GIVEN INFORMATION:
------------------------------------

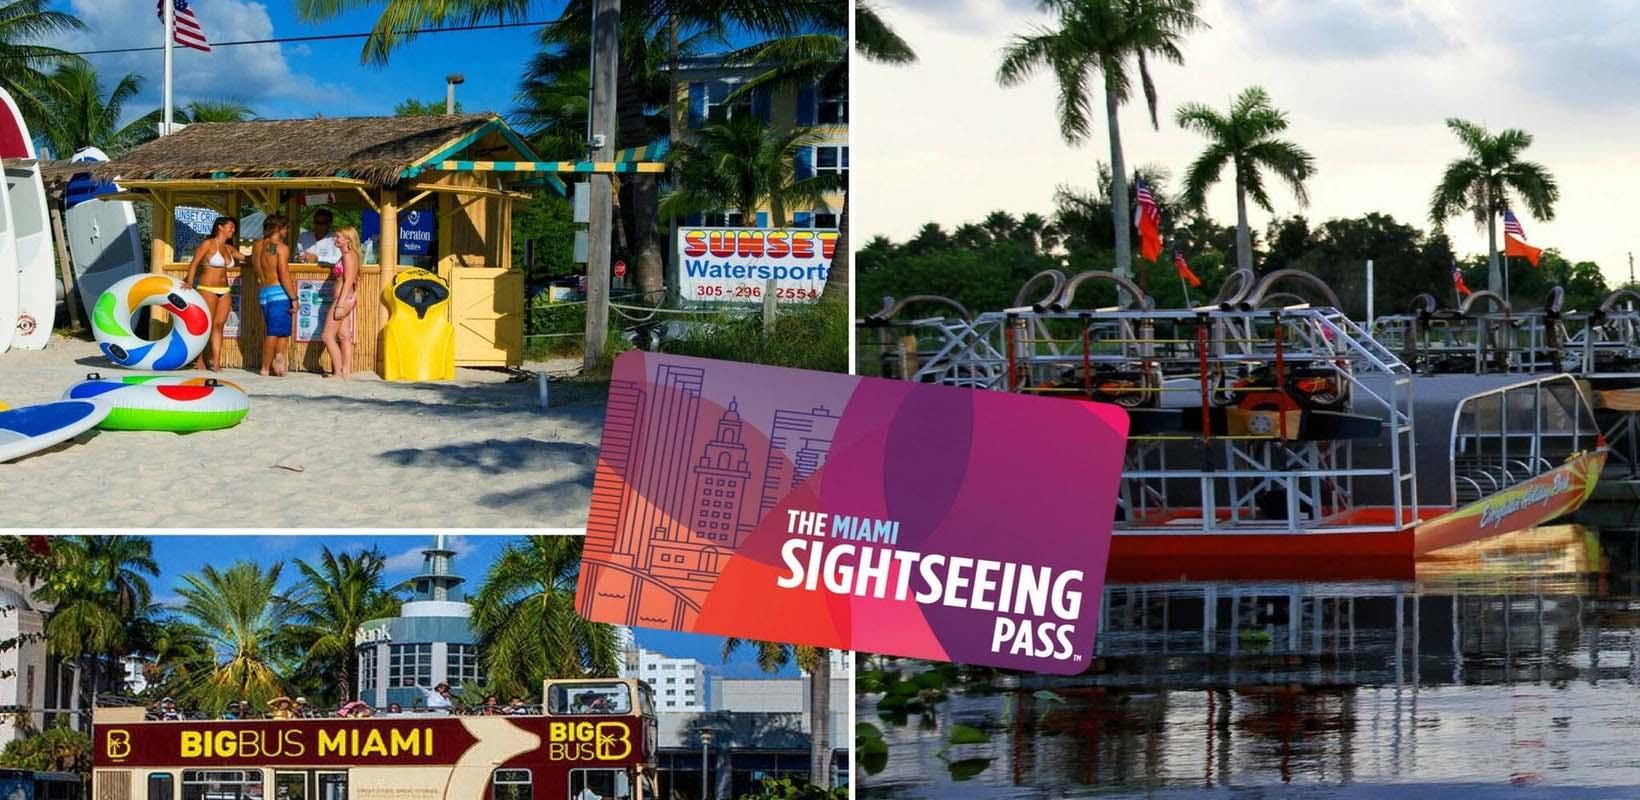 Miami Sightseeing FLEX Pass
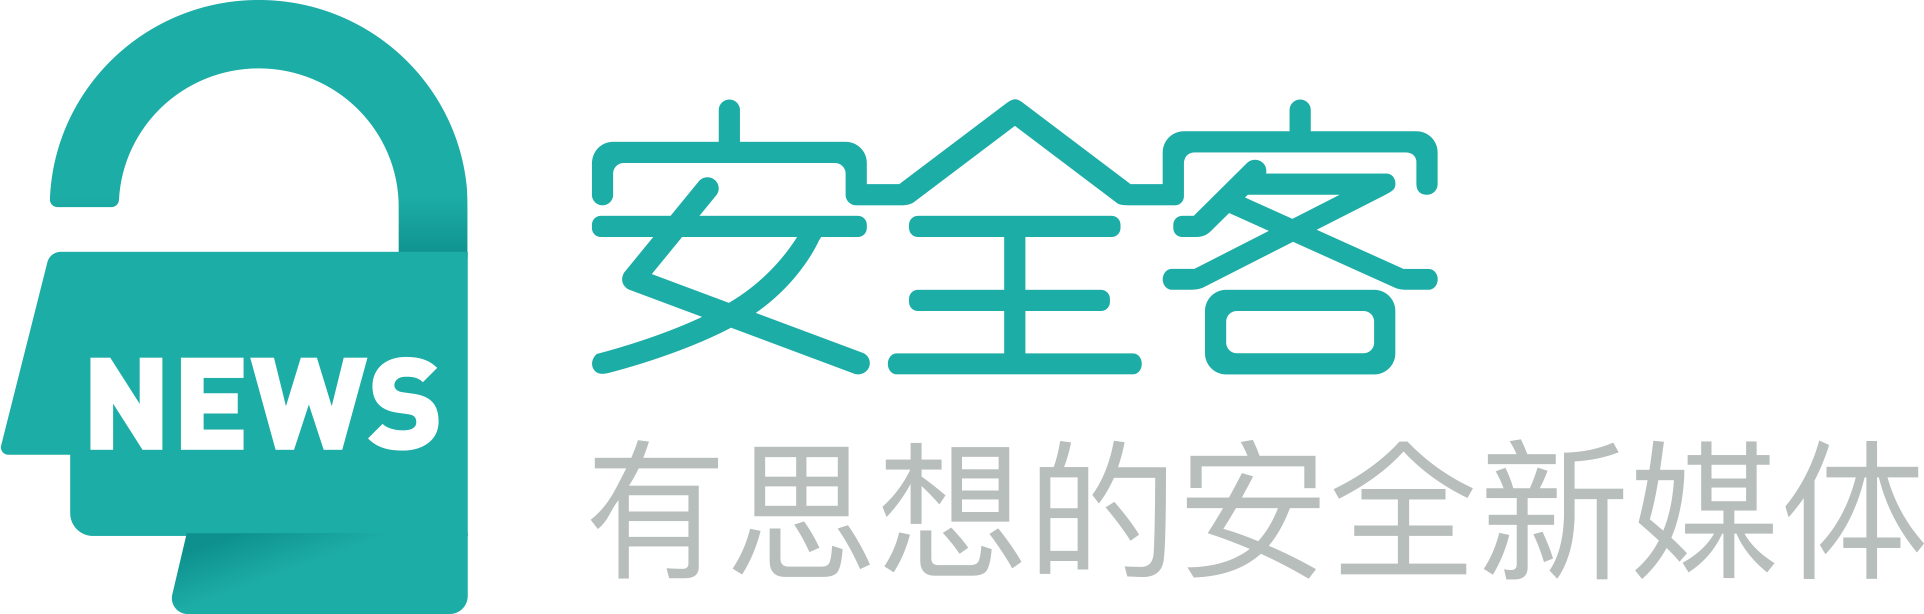 安全客Logo
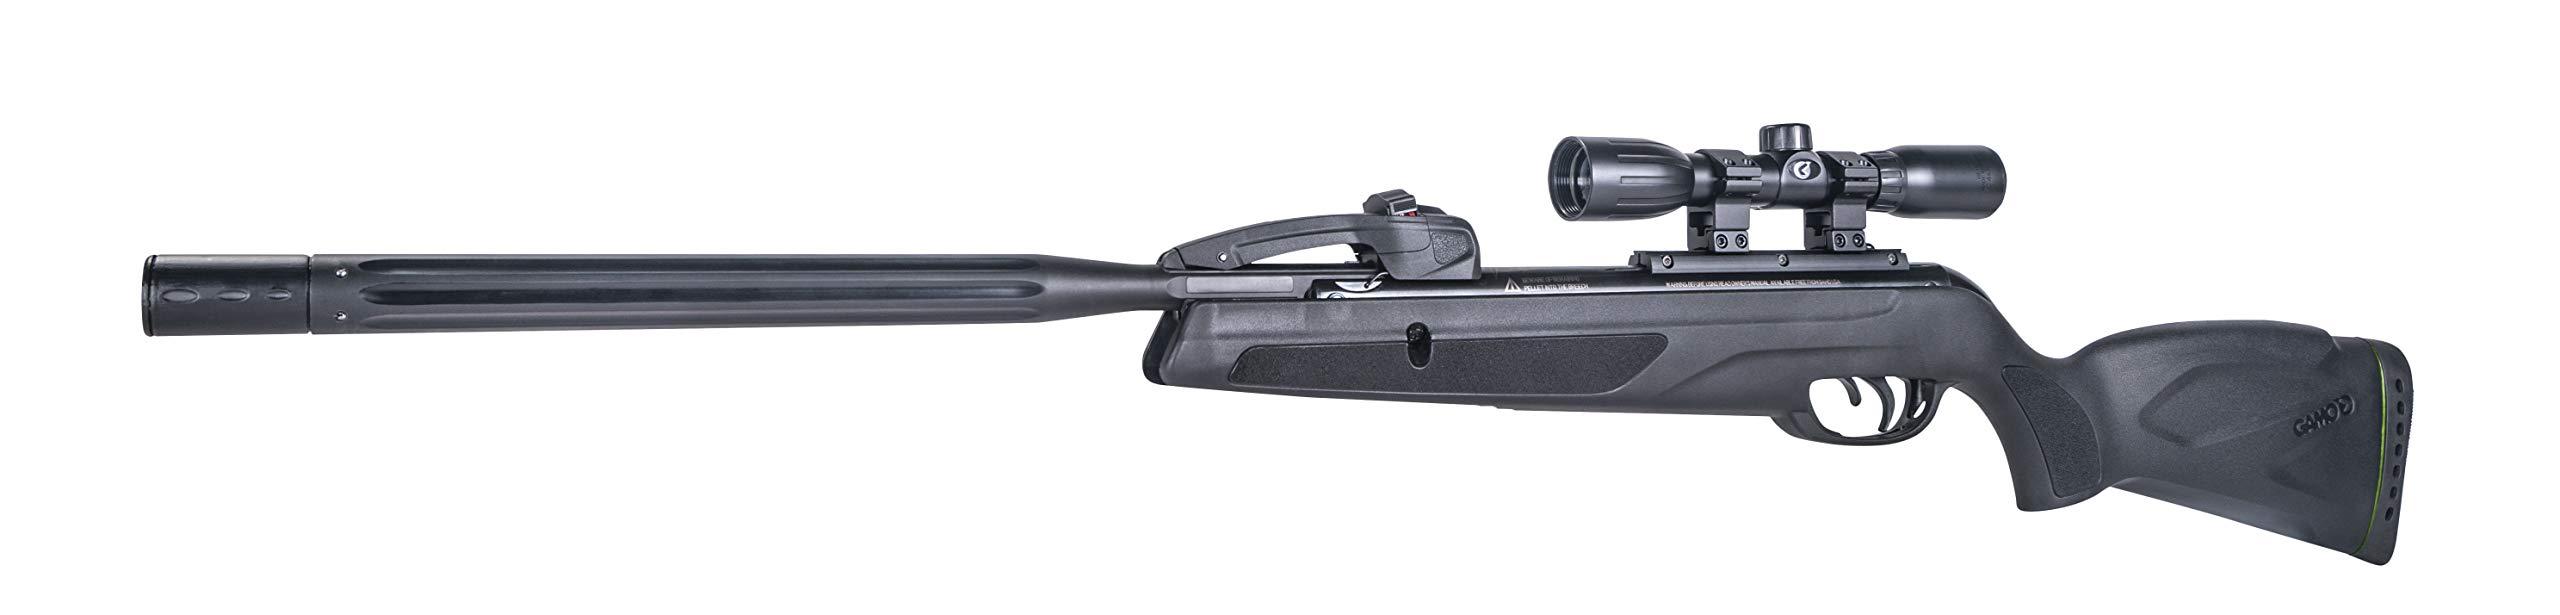 Gamo 611006875554 Swarm Whisper Air Rifle, .22 Caliber by Gamo

------------------------------------

TASK PROMPT: Without the pictures, print the whole listing exactly as given.

TASK RESULT:
 Miami Sightseeing FLEX Pass
 安全客Logo
 Gamo 611006875554 Swarm Whisper Air Rifle, .22 Caliber by Gamo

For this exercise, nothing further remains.